What you are asked to do:
Which lines run from the one containing "Illustration of third" to the end of the material below? Copy them exactly, pictures excluded.

Recorded data:
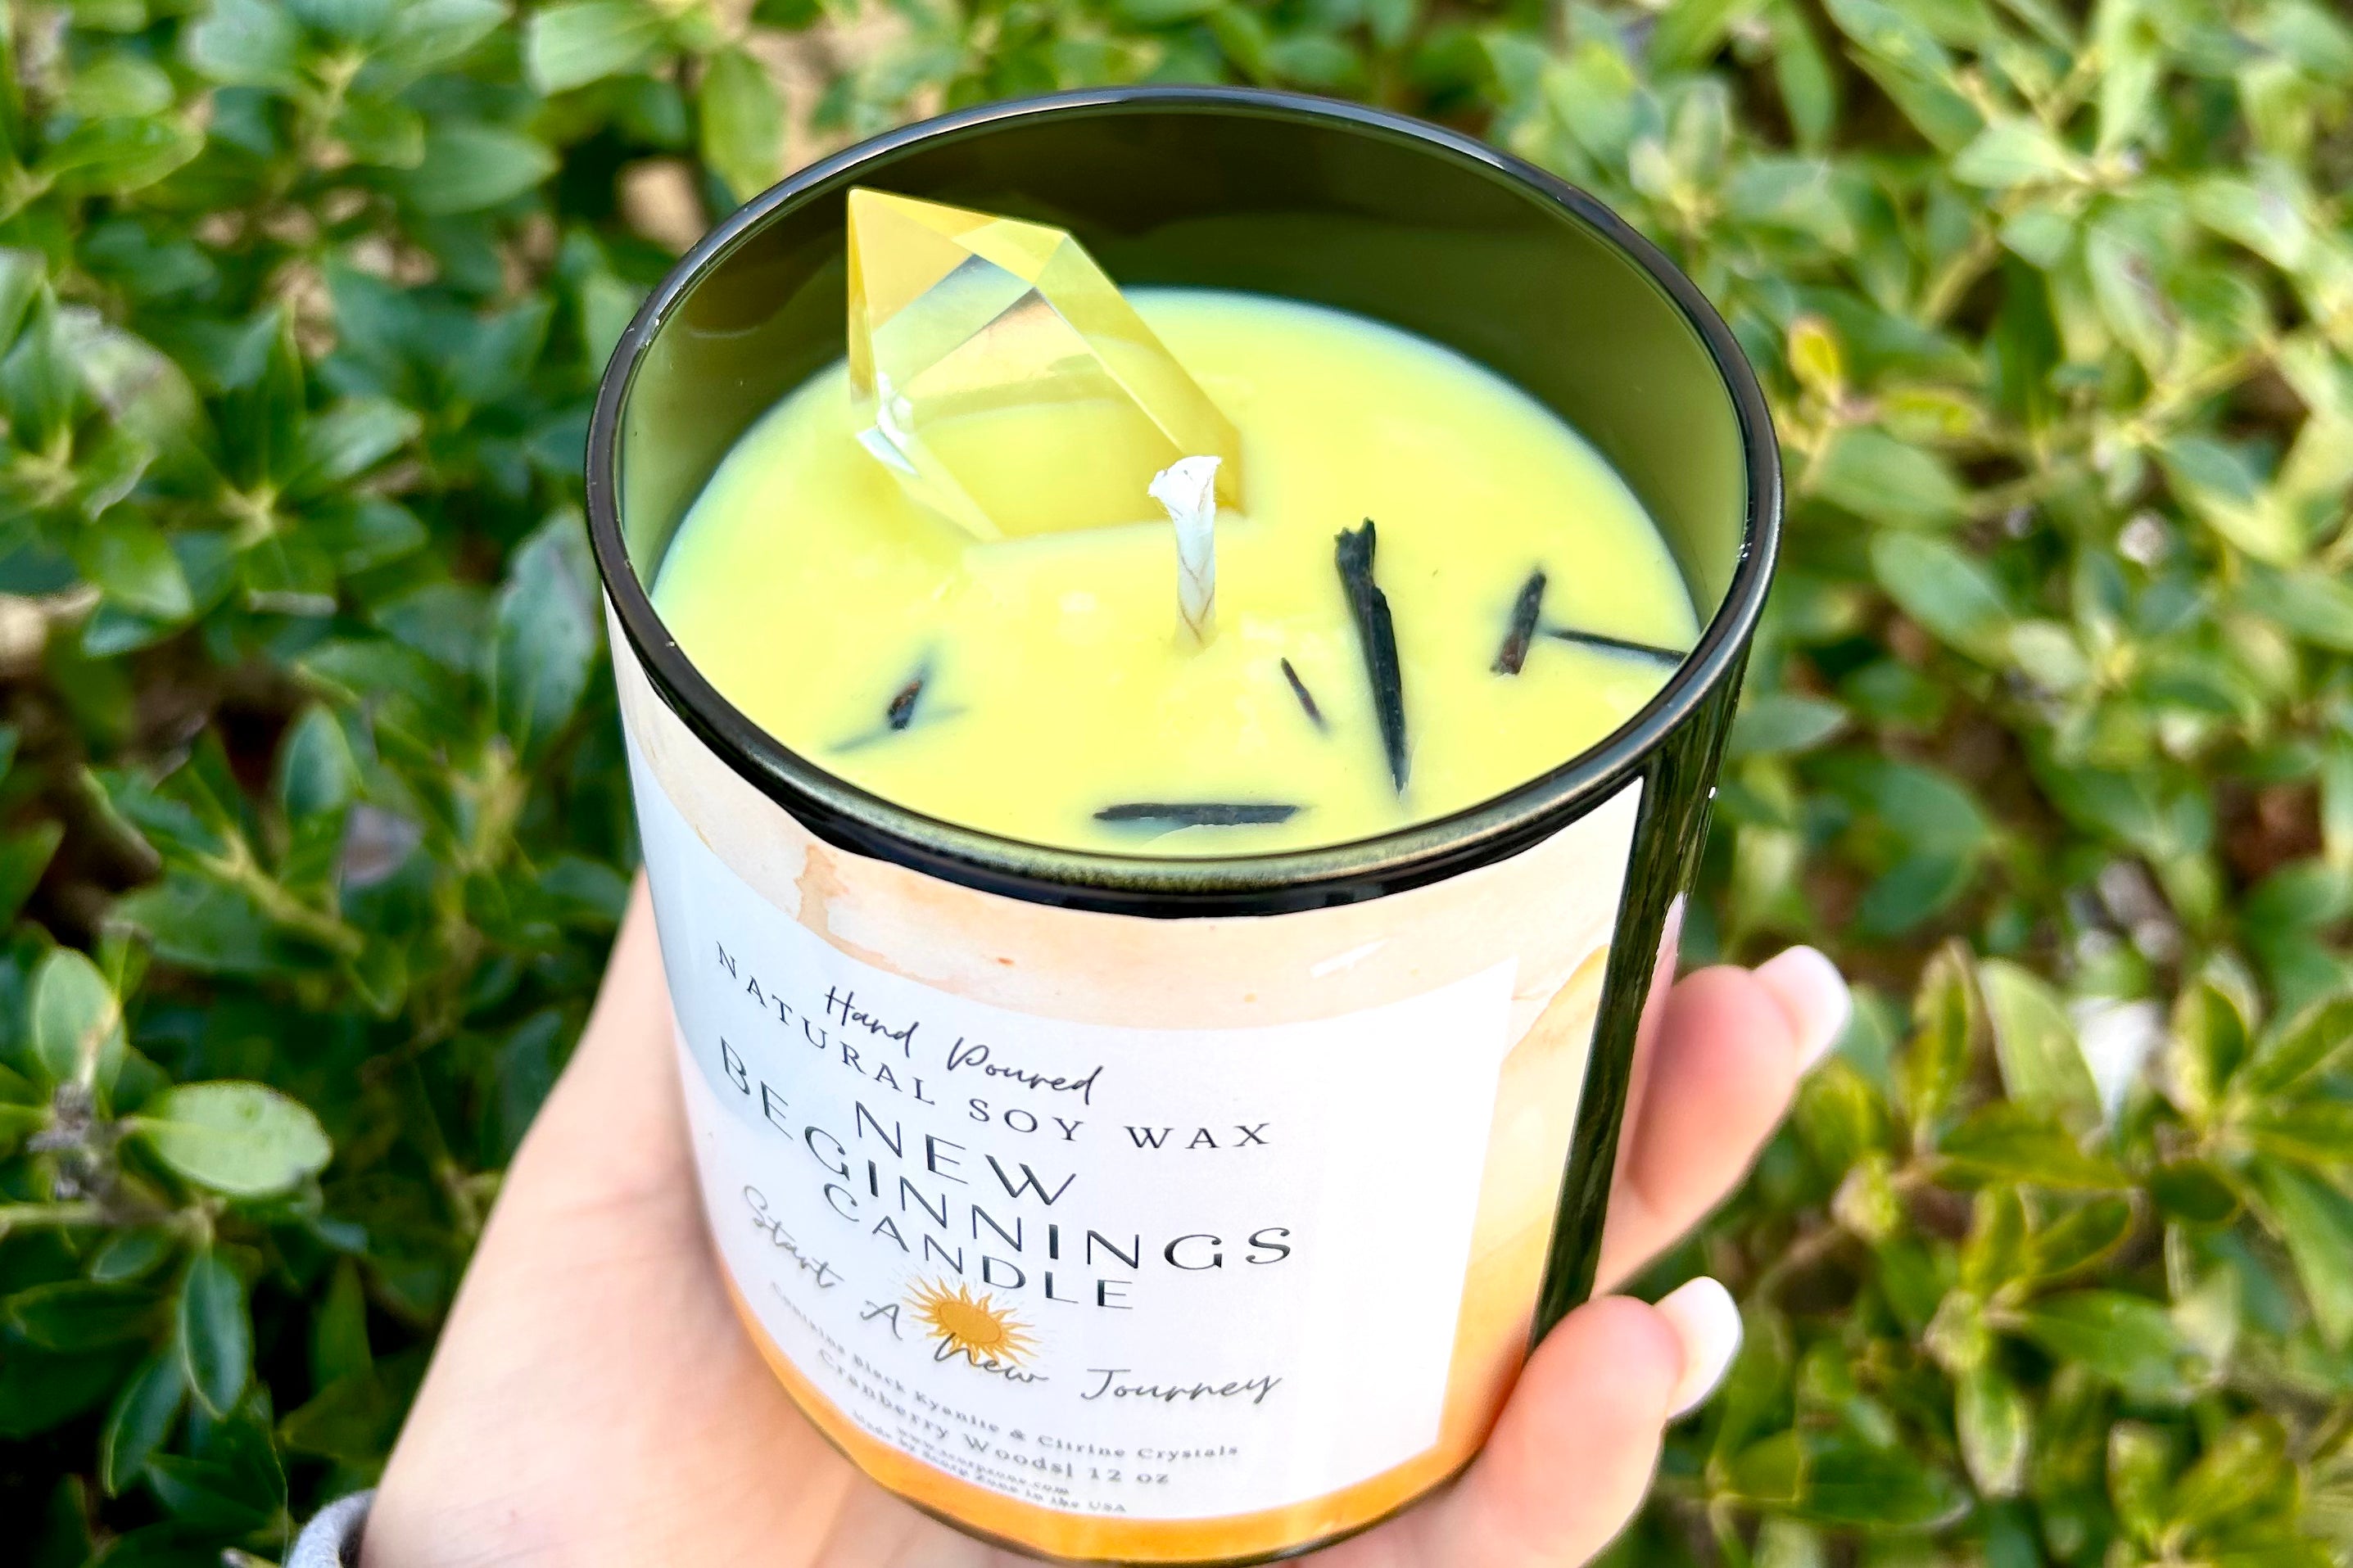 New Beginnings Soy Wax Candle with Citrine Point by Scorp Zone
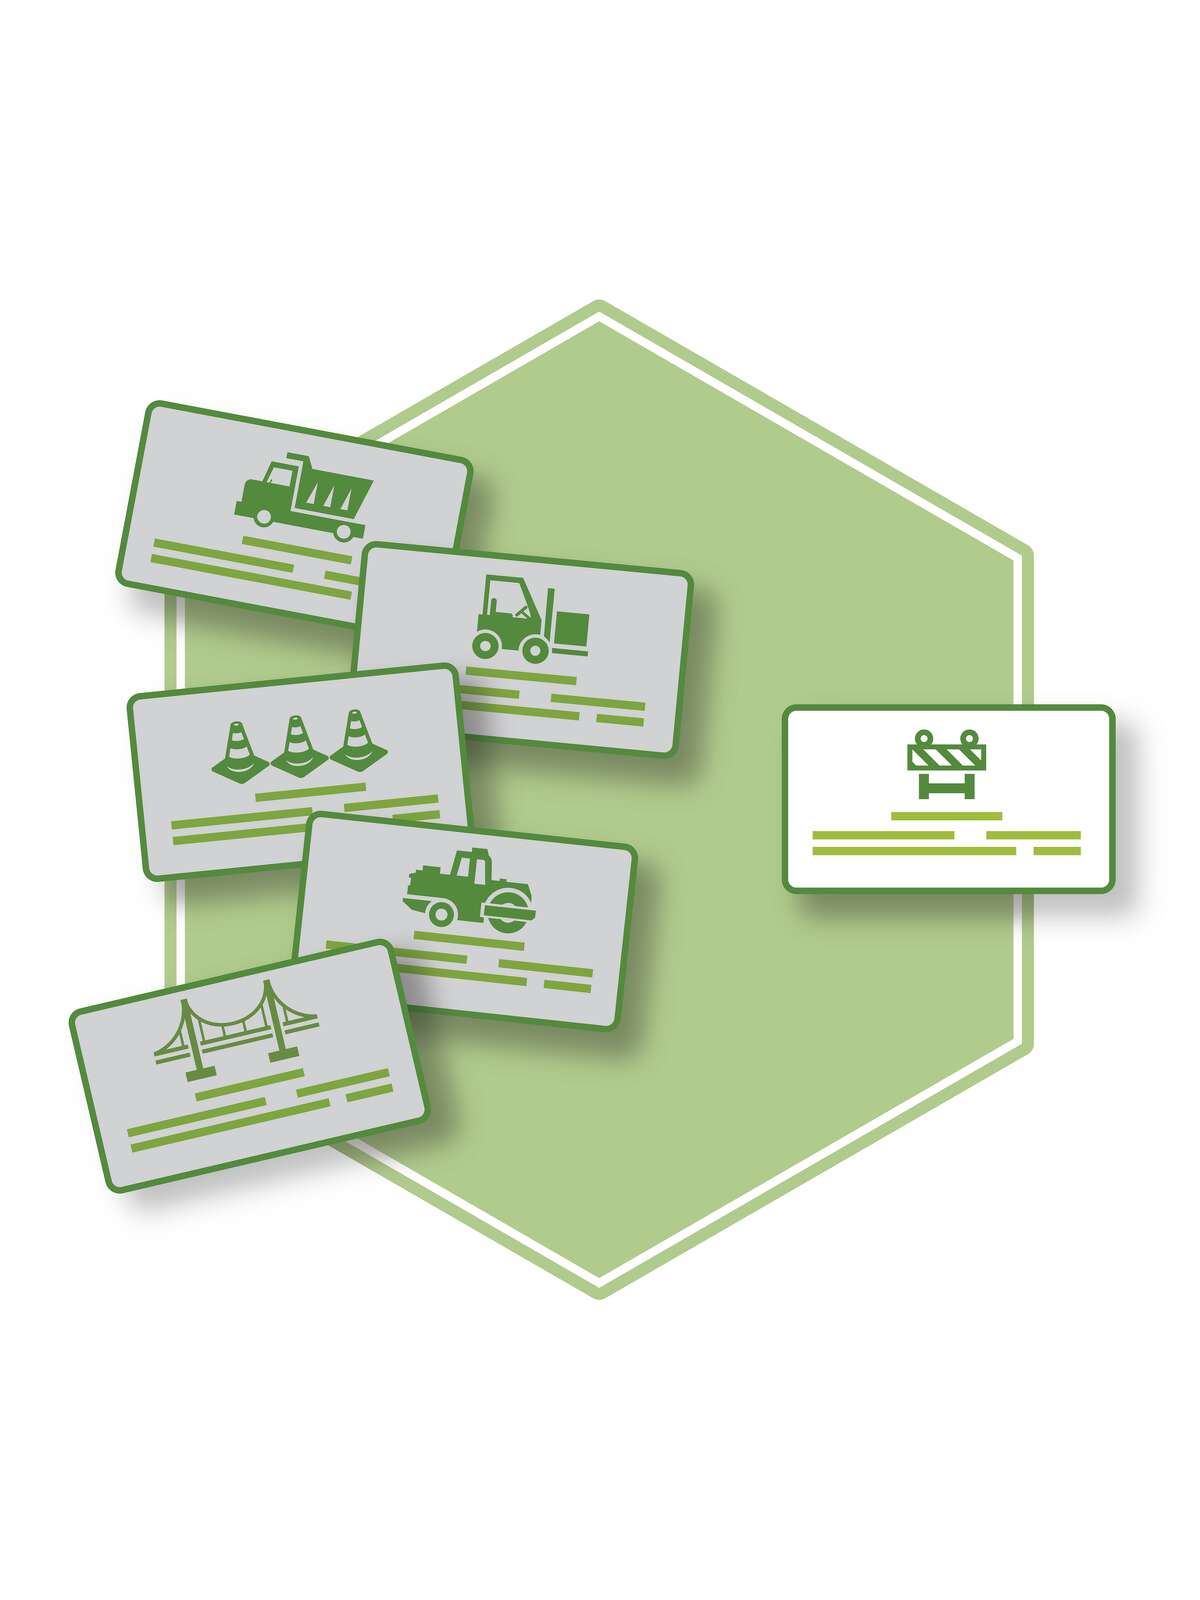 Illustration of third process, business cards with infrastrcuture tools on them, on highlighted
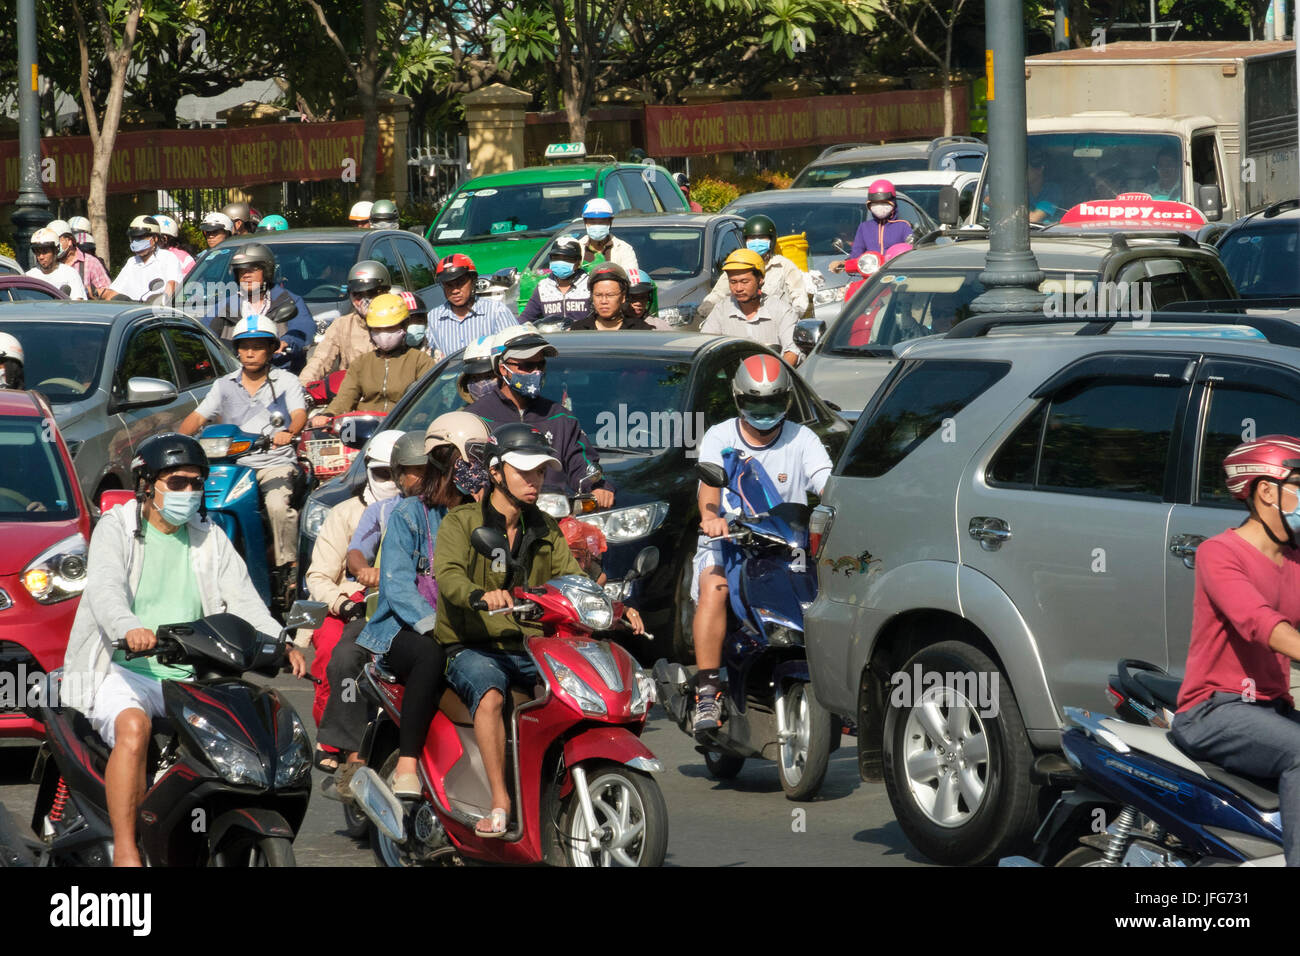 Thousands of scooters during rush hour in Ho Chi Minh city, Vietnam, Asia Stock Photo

Solution for this task:
 Illustration of third process, business cards with infrastrcuture tools on them, on highlighted
 Thousands of scooters during rush hour in Ho Chi Minh city, Vietnam, Asia Stock Photo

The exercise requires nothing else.